This statistical insignificance of the lockdown treatment variable is not from the failure of the models to explain cross-county death patterns; about two-thirds of variation is explained by early May. The models show deaths are higher if the elderly or those in nursing homes are more of the population; patterns noted in popular discussion of Covid-19. Deaths are higher if whites are a lower share and blacks a higher share of the population, as noted by Millett et al. (2020). Counties with higher inequality and more people without health insurance experience more deaths. Fewer deaths occur if the smoking rate is higher, similar to what is found in the U.K. for 17 million NHS patients, where Williamson et al (2020) find current smokers less likely than others to die (as hospital in-patients) with confirmed COVID-19.
Five sensitivity analyses confirm the result that lockdowns are ineffective at reducing Covid-19 deaths. The first weights by county population; the 5th percentile county has under 3000 people while the 95th percentile has 450,000 so a case can be made for more weight on populous counties. The second uses death rates (by 11 May). The third uses IV-Poisson count data models, and the fourth uses LIML which may be preferred if there are weak instruments. In all four of these alternative approaches, lockdowns have no impact on Covid-19 deaths. The last sensitivity analysis is just for Texas, which had a more even split of 89 counties with lockdown and 165 with social distancing. The IV results show no effect of lockdown but with OLS it seems that counties with a lockdown have more deaths – a pattern strengthening over time (e.g. lockdown counties have 37.1% (SE = 18.6%) more deaths by 11 May).12
3. Summary and implications for New Zealand
Lockdowns are ineffective at reducing Covid-19 deaths. Variation amongst counties in the United States, where over one-fifth had no lockdown, shows no impact of lockdowns. Specifically, one cannot reject the hypothesis of zero difference in deaths between lockdown and non-lockdown counties. Using these results to inform a counterfactual of what would have happened if New Zealand had not gone into a Level 4 lockdown faces the criticism that the setting is different. Yet it is a universal force of human nature – privately taking steps to reduce exposure to a new risk – that likely makes lockdown superfluous. Moreover, evidence from elsewhere suggests that lockdowns were either superfluous (Homburg, 2020; Stone, 2020) or cause total deaths to rise because of non-Covid mortality (Williams, Crookes, Glass, & Glass, 2020).

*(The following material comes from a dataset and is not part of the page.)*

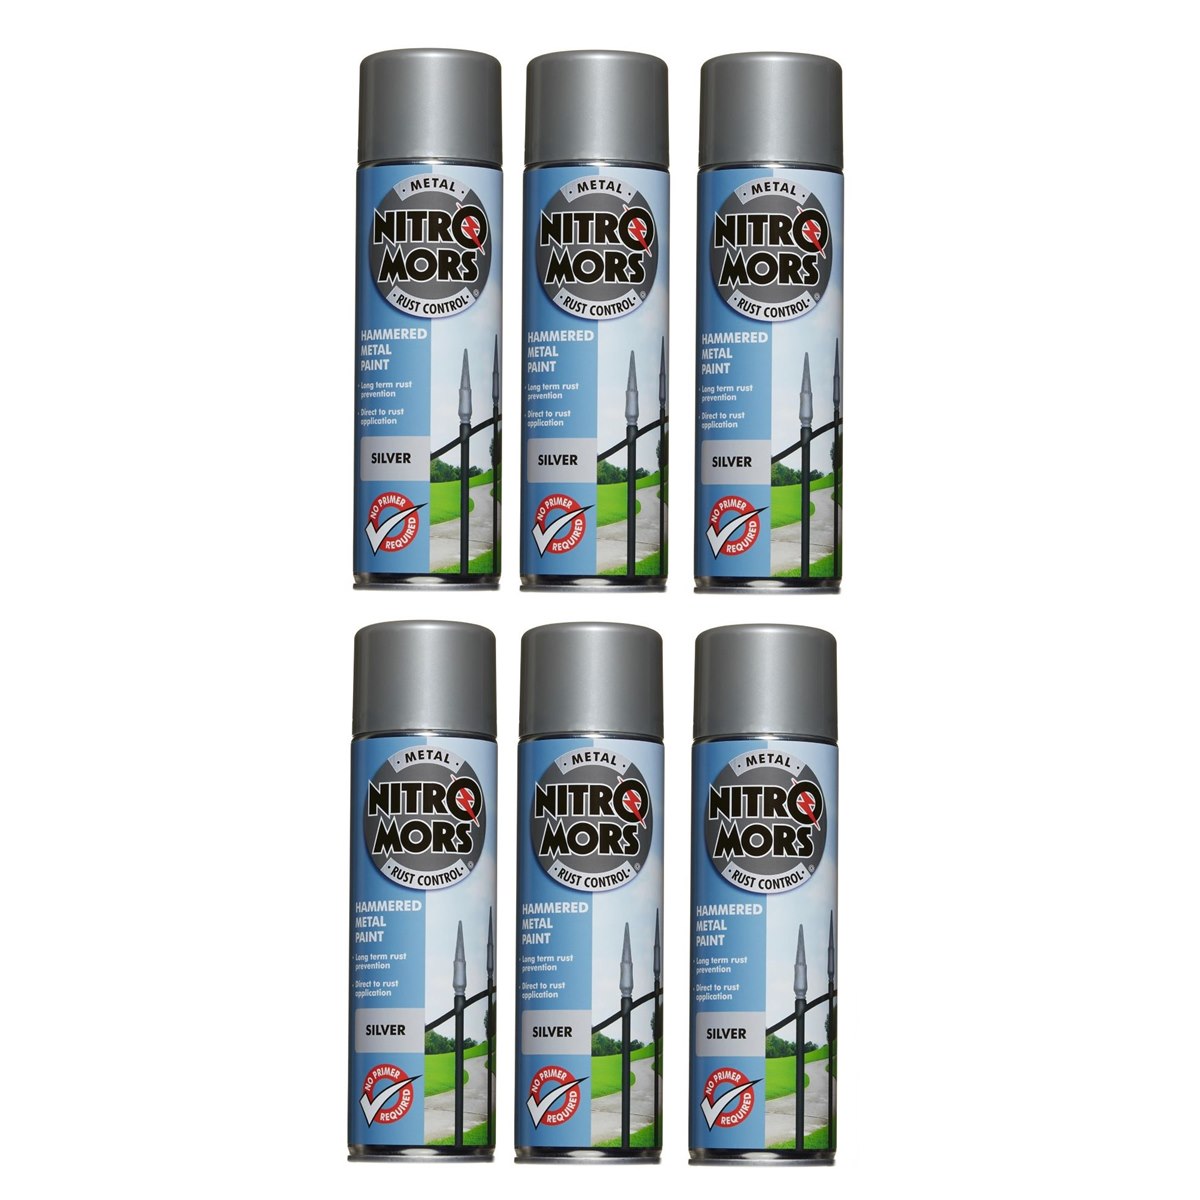 Case of 6 x NitroMors Hammered Metal Paint 500ml Silver
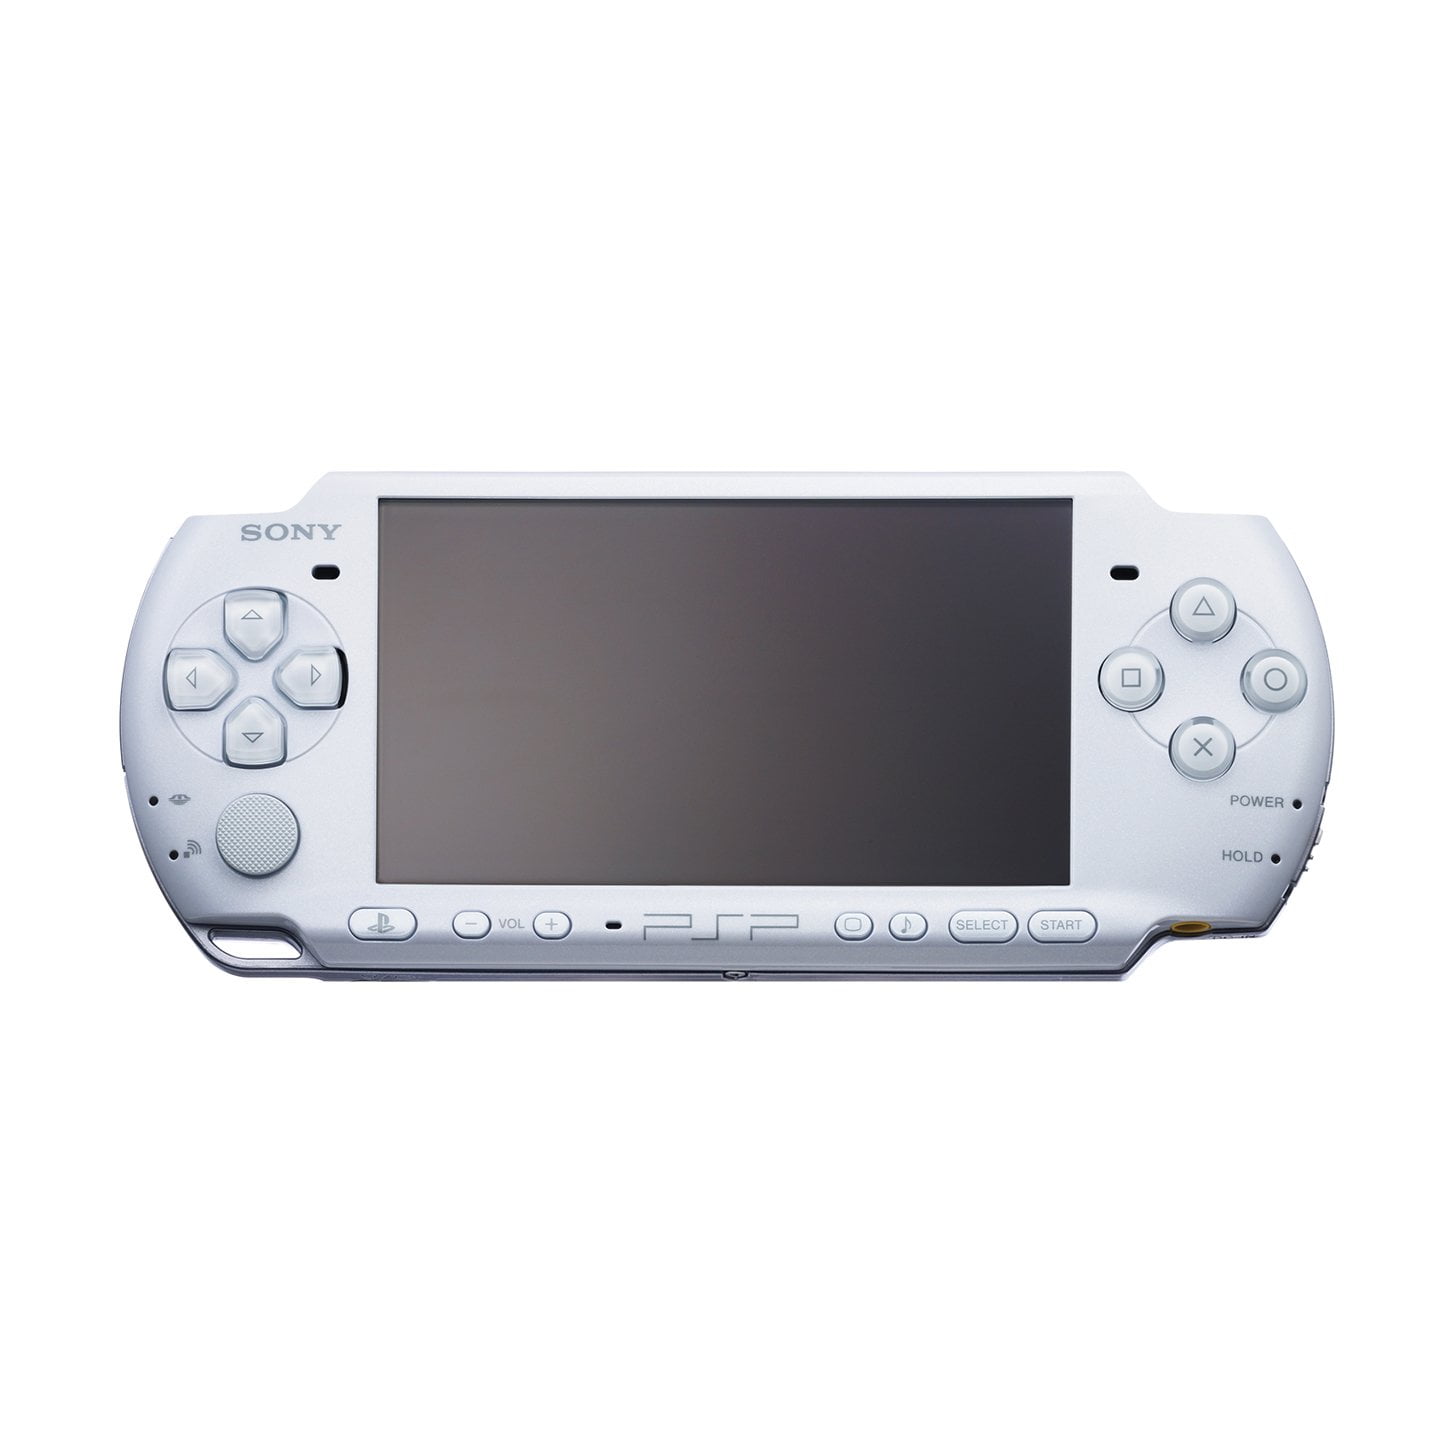 Sony Playstation Portable PSP 3000 Series Handheld Gaming Console System  (Black) (Renewed)

A non-economist might say ‘what difference does it make?’ If people would reduce interactions anyway, due to perceived Covid-19 risks, having government force them to stay home would seem costless. Yet as economists know, a government diktat approach runs into the central planning problem; no central planner has all the information (collectively) held by parties involved in voluntary exchange (Hayek, 1945). For example, absent lockdown, if a butcher felt they could operate safely and if customers felt they could safely shop at this butchery, voluntary and beneficial exchange could occur. Instead, under the central planning approach applied in New Zealand, butchers were shut but supermarkets selling meat were not. Potentially, much economic surplus (for both consumers and producers) was lost.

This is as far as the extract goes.